Kian (dryly): “It’s Hit Me With Your Rhythm Stick, isn’t it?”
Nicky: “I thought it was Take My Breath Away!”
Shane: (resigned to the piss-taking) “Yeah, that’s it, man.”
The new album is all love song covers but have you ever waned to cover something cooler, like a Razorlight song?
Shane: “I haven’t got a clue who they are!”
Kian: “I don’t know any of the new rock bands because I’ve always listened to the old rock bands.”
Nicky: “I know they’re not a rock band but we did do a version of the Pussycat Doll’s Don’t Cha on tour. We turned it into ‘don’t you wish your boyfriend was hot like us’ with a sexy dance routine and lots of this…” (moves his crotch up and down)
Liking the sound of that! What’s the most rock’n’roll thing Westlife have ever done?
Shane: “Jesus, we’ve had plenty of parties. We like to christen each country we go to.”
Talk me through the christening process
Mark: “We just get really drunk and dance and have a laugh.”
Westlife get shitfaced?
Nicky: “We do like a drink – but the problem is that people like to leave the party before the bill is paid. So one of us always gets stung at the end.”
Shane: “If we go out on, say, a normal Saturday night we’ll probably spend about £1500 on drink. In clubs, especially in London, a bottle of vodka can be £200 and that’s the cheapest!”
Ever embarrassed yourselves at a really swanky celeb party?
Nicky: “The most embarrassing thing was the suits we wore to the World Music Awards in 2004 in America.” (the others nod) “We were in our Rat Pack phase and were wearing these 60s-style suits. They were brilliant but we did feel a bit stupid…”
Shane: “We got our picture taken with Usher and one of the papers said “It’s Usher and his accountants.” We really laughed at that. But when we went out that night we had thought we were looking the dog’s bollocks!”
On to saucier stuff – do your adult female fans wave filthy signs at your concerts?
Shane: “Of course they do!”
Nicky: “It’s stuff like “Come On My Tits, Nicky”; “Nicky Show Us Your Dicky”; “Give Us A Quicky Nicky”.”
Shane: “Quite often you’ll see “Let Me Taste Your Irish Cream”.”
Kian: “Or “I’ll Be Your Horse So You Can Ride Me”.”
Nicky: “And of course, “I’ll Raise You Up”.”
Do they proposition you in person?
Kian: “About six years ago a girl handed me a letter – she must have been no more than 16. It basically said: “do you fancy having sex with me, this is my number, call me”. It was awful being put on the spot by, bless her, this ugly little ginger.”
Mark, you can out last year.

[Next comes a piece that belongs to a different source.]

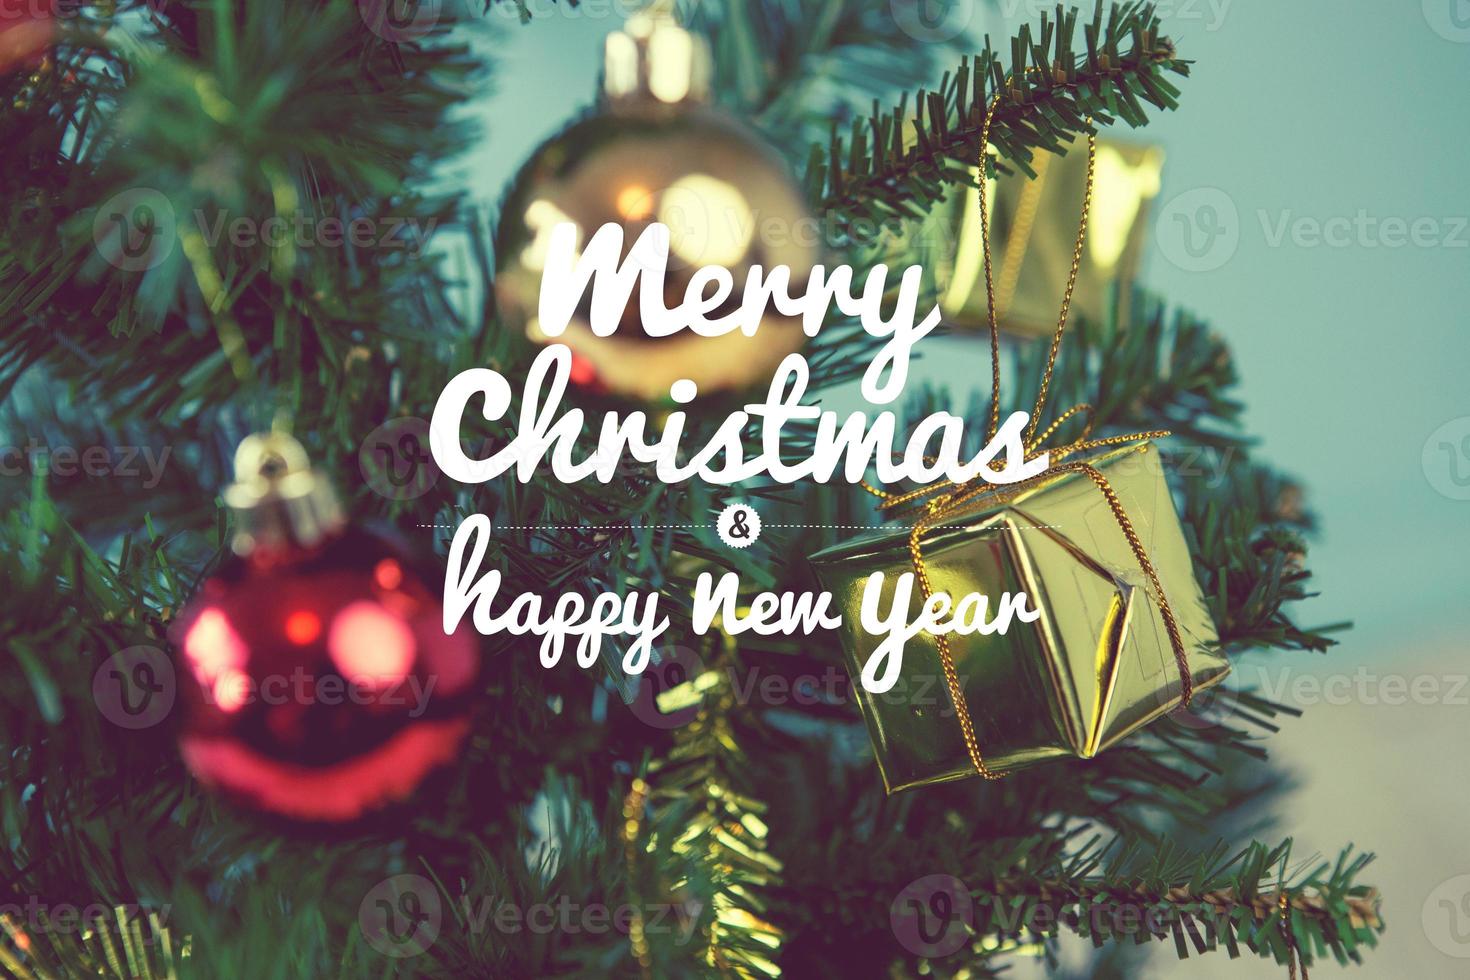 Christmas tree with gifts on green background on blurred, vintage color style and text - Merry Christmas and Happy New Year photo
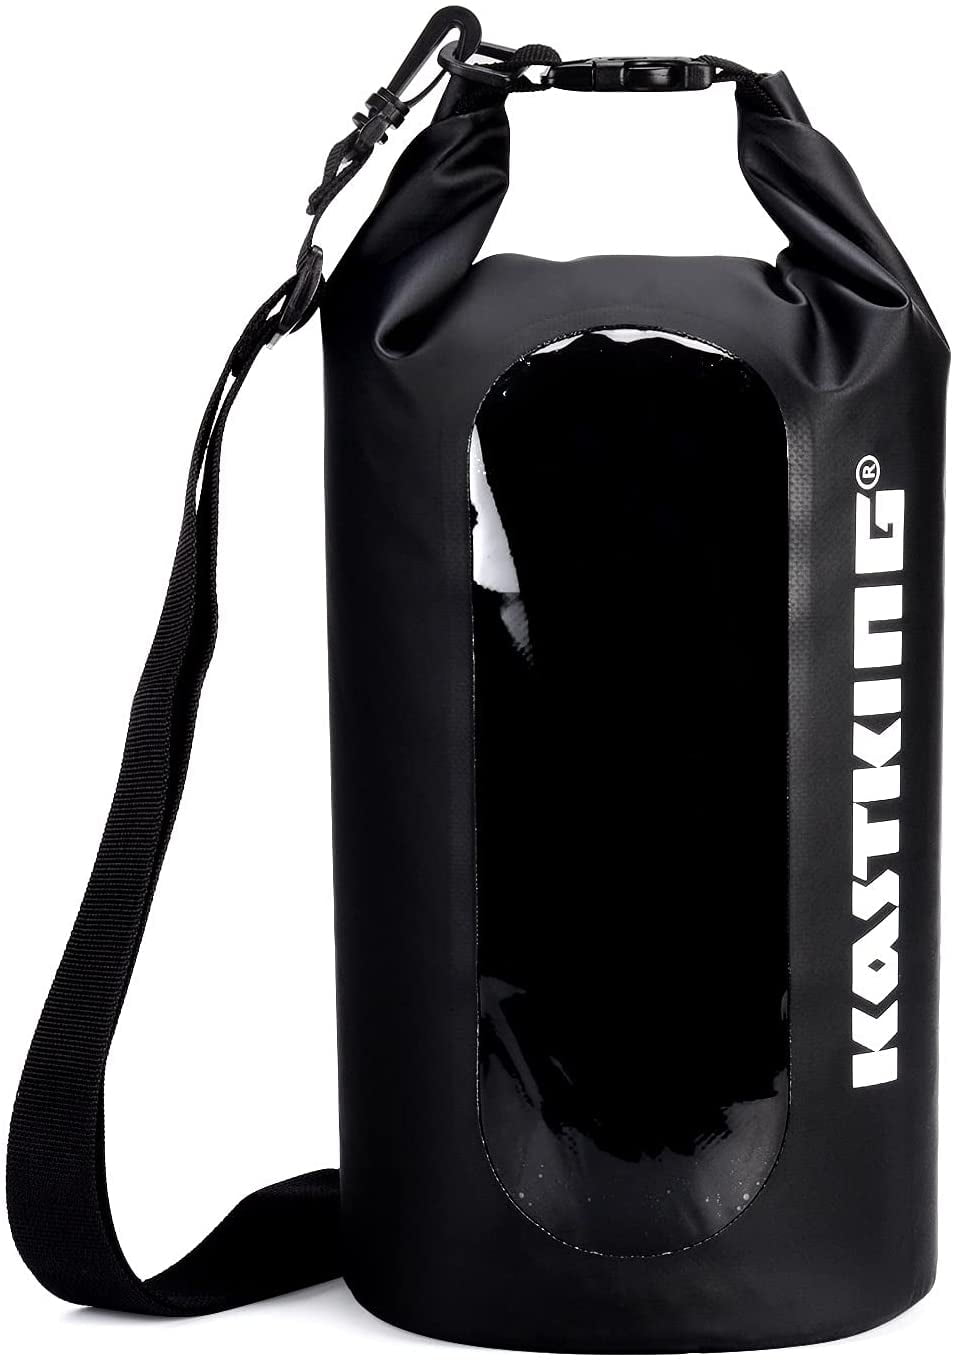 Heavey-Duty PVC Water Proof Dry Bag Sack for Swimming/Camping/Fishing/Boating

How did your fans react?
Mark: “To this day there’s been nothing negative – only support. And I’ve been with my partner Kevin for a year and a half. I’d spent so long wishing I was in this situation and that I had somebody but for loads of different reasons it wasn’t feasible. Then, finally I found someone. So since coming out, it’s been the best year of my life. Ever. I don’t mean to sound soppy but it’s true.”
Myself and Tanita on the NW art desk both want to be your fag hags. How can we achieve this?
(The boys snigger)
Mark: (looking a bit disturbed by my suggestion) “You have to be able to drink.”
Kian: “And be late all the time.”
Shane: “You have to be fabulous to be his fag hag.”
Nicky: “What does fag hag mean – just that you want to hang out with him all the time?”
Yep. Every girl needs a gay best friend. Anyway, what have you guys learnt about women over the years?
Nicky: “Never ask a woman if she’s pregnant unless you physically see the baby’s head sticking out!”
Kian: “Just: Let. It. Go. Don’t bother arguing back. It makes life easier. Men just want to sit there, watch the TV and relax.”
Nicky: “And fart and scratch…”
Shane: “Women are very rarely wrong. I mean, they might be wrong but I’ve learnt to just go along with it and let them find out for themselves if they’re right or not!”
Lad’s, you obviously know the score.
Right, that’s us won over!
Westlife’s new single is out this month and the Love Album is out next month.